JG: What other Copenhagen projects will help lead to the carbon neutral goal?

FJ: "Our ambitions to create sustainable growth will indeed require:

• New green mobility initiatives,

• More energy-efficient buildings and

• More renewable energy production.

"We have a strong focus on energy efficiency in new buildings, but retrofitting our existing buildings is even more important. In both cases, we have an eye on ventilation, heating and cooling, insulation, windows and on how to sample and reuse rainwater.

"A good example is The Royal Danish Playhouse, who is living up to the highest standards of energy efficiency, and one of the first buildings in Copenhagen to implement district cooling, using seawater to cool the building. This improves the indoor climate, and gives up to 80% reduction on the electricity bill."

JG: What was the feedback on your presentation at the NYC AIA?

FJ: "It was very inspiring to meet city planners, high-level policymakers and architects in a debate on how to make our cities greener. I am impressed and proud to experience how well people in New York know Copenhagen and our initiatives within sustainability, growth and quality of life, and our efforts to make the city even smarter."

JG What's your view on climate change?

FJ: "I consider climate change a fact we need to react upon by reducing our emissions and by preparing ourselves for a climate change with warmer temperatures and heavier rain.

"But I believe that we should keep an eye on the return on investments.
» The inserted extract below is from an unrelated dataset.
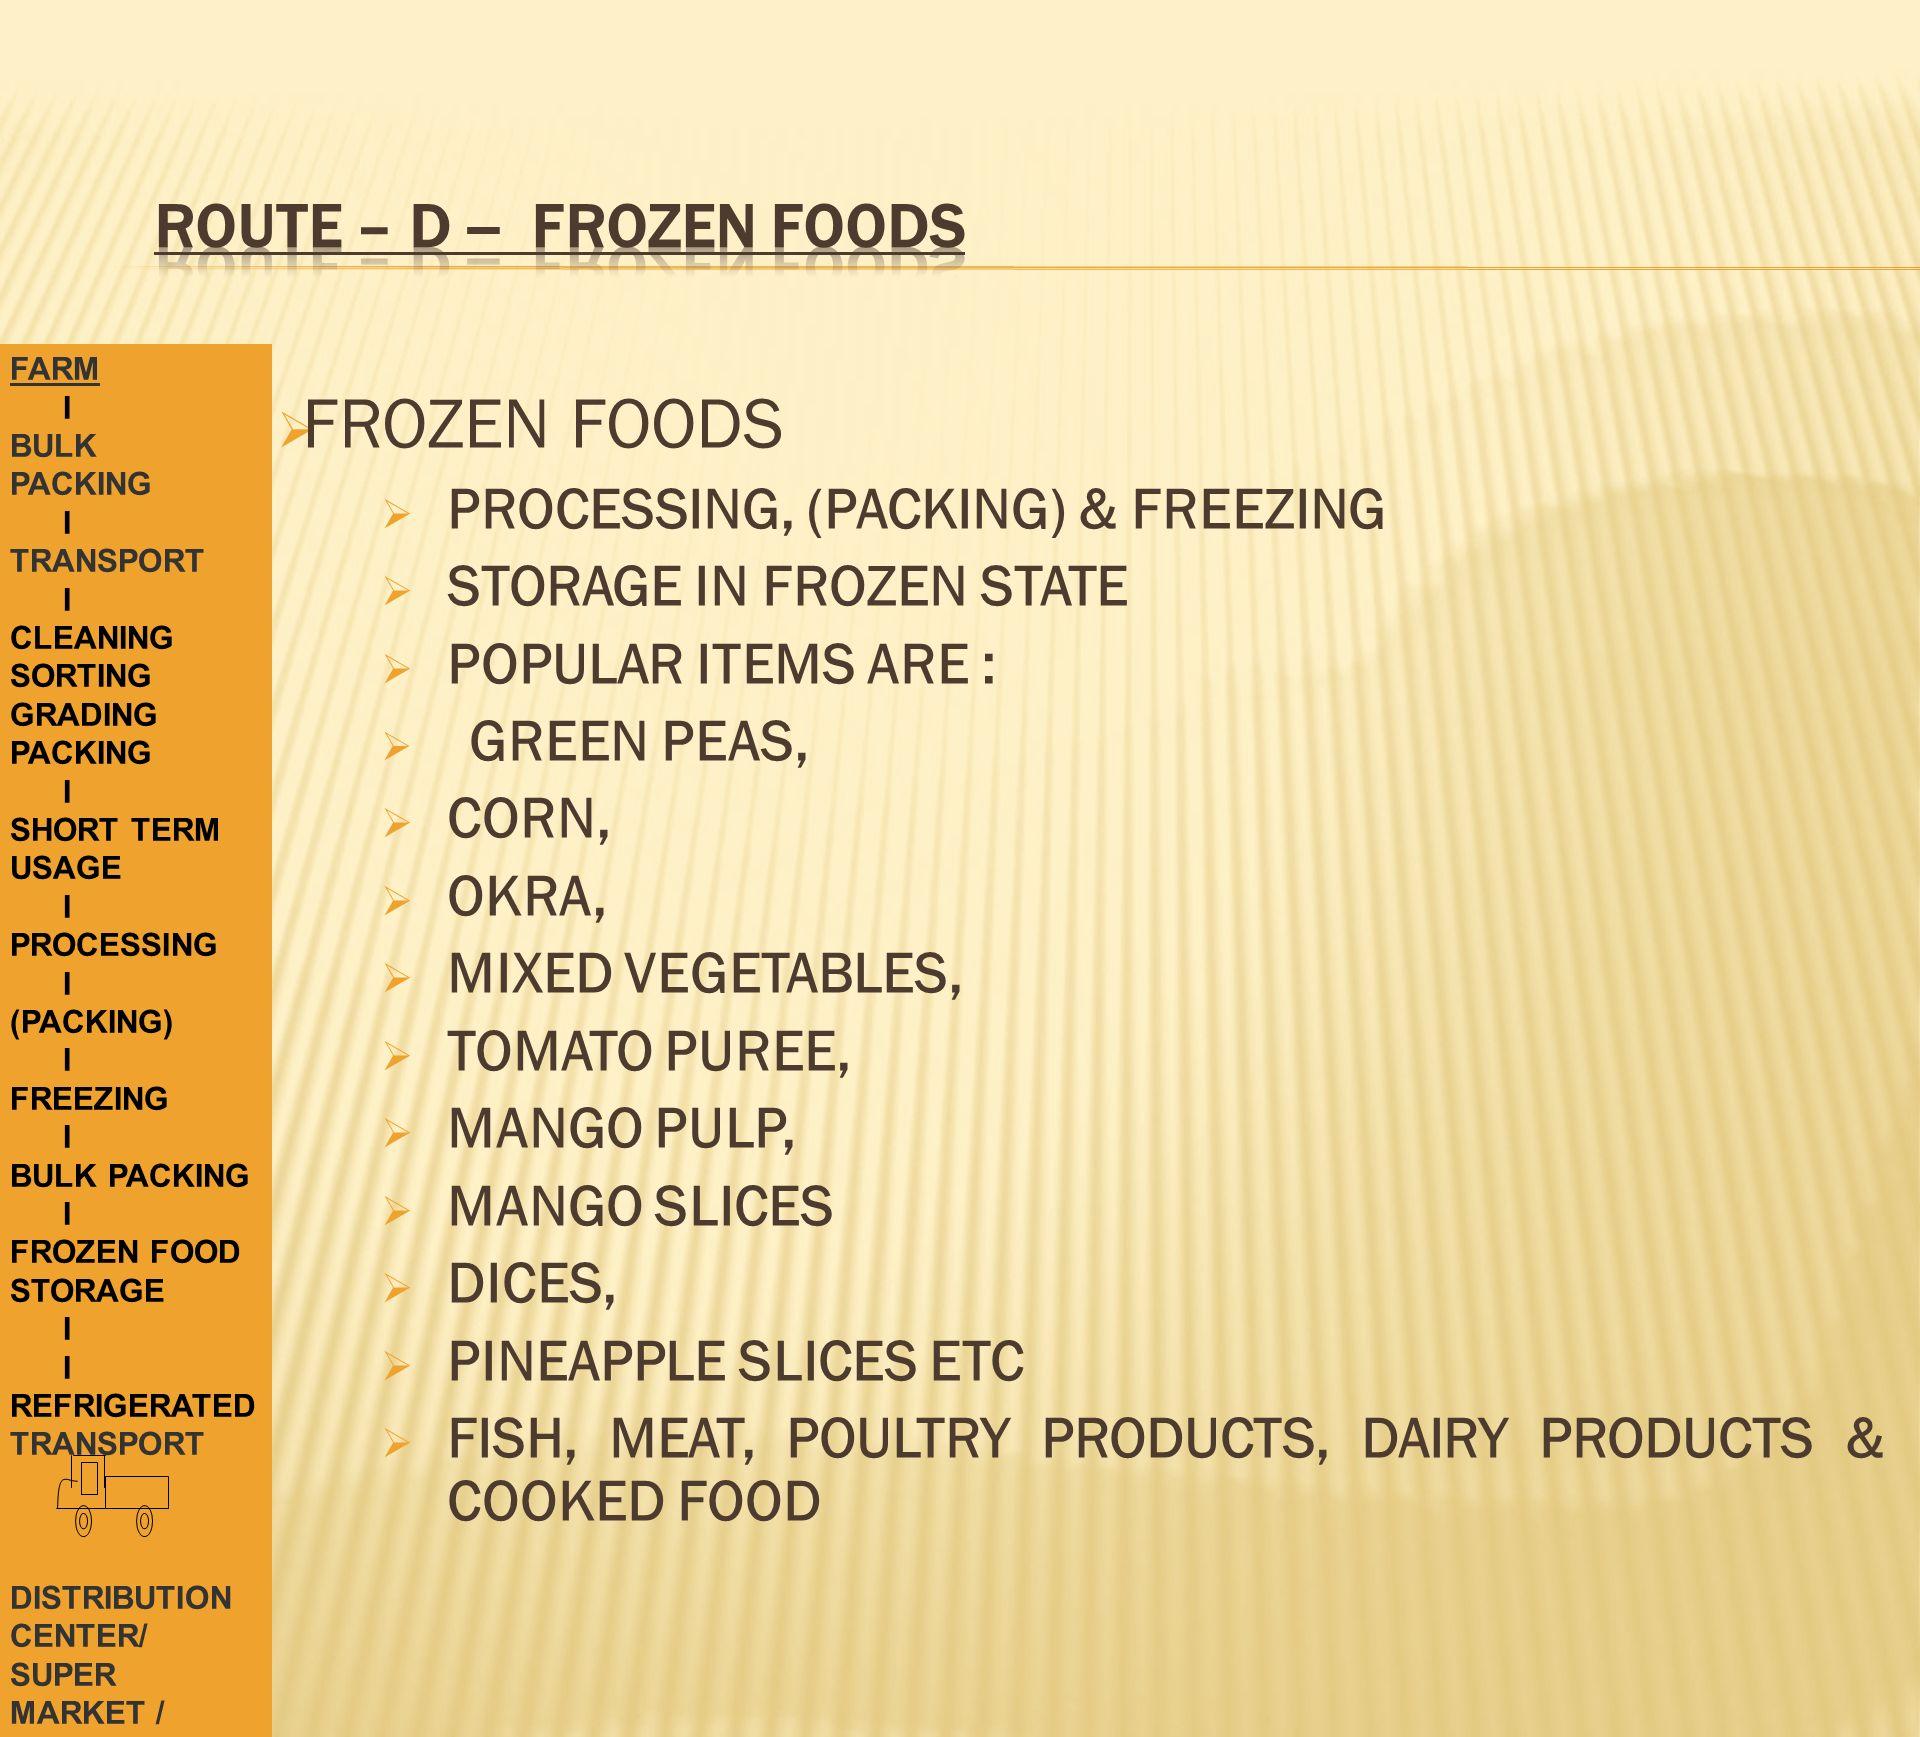 ROUTE – D -- FROZEN FOODS

Not just in terms of a better climate, environment and improvement in the health of Copenhagen's citizens, but also in terms of hard cash.

"It is forecast that more than a half of the investments put into improving the energy efficiency of schools, cultural centres, residential homes and offices will be repaid through operational savings by 2025. Copenhageners can look forward to monthly savings on their electricity and heating bills of the equivalent of USD 50-75. And in a time of economic crisis, it should be mentioned that the investments are creating jobs -- and that the new solutions will create the foundation for a strong green sector.

"I believe that we have a shared responsibility to ensure a global green transition. Political leaders, municipalities and corporations share the task of creating the new smart growth strategy which will ensure that jobs and growth can go hand in hand with green development."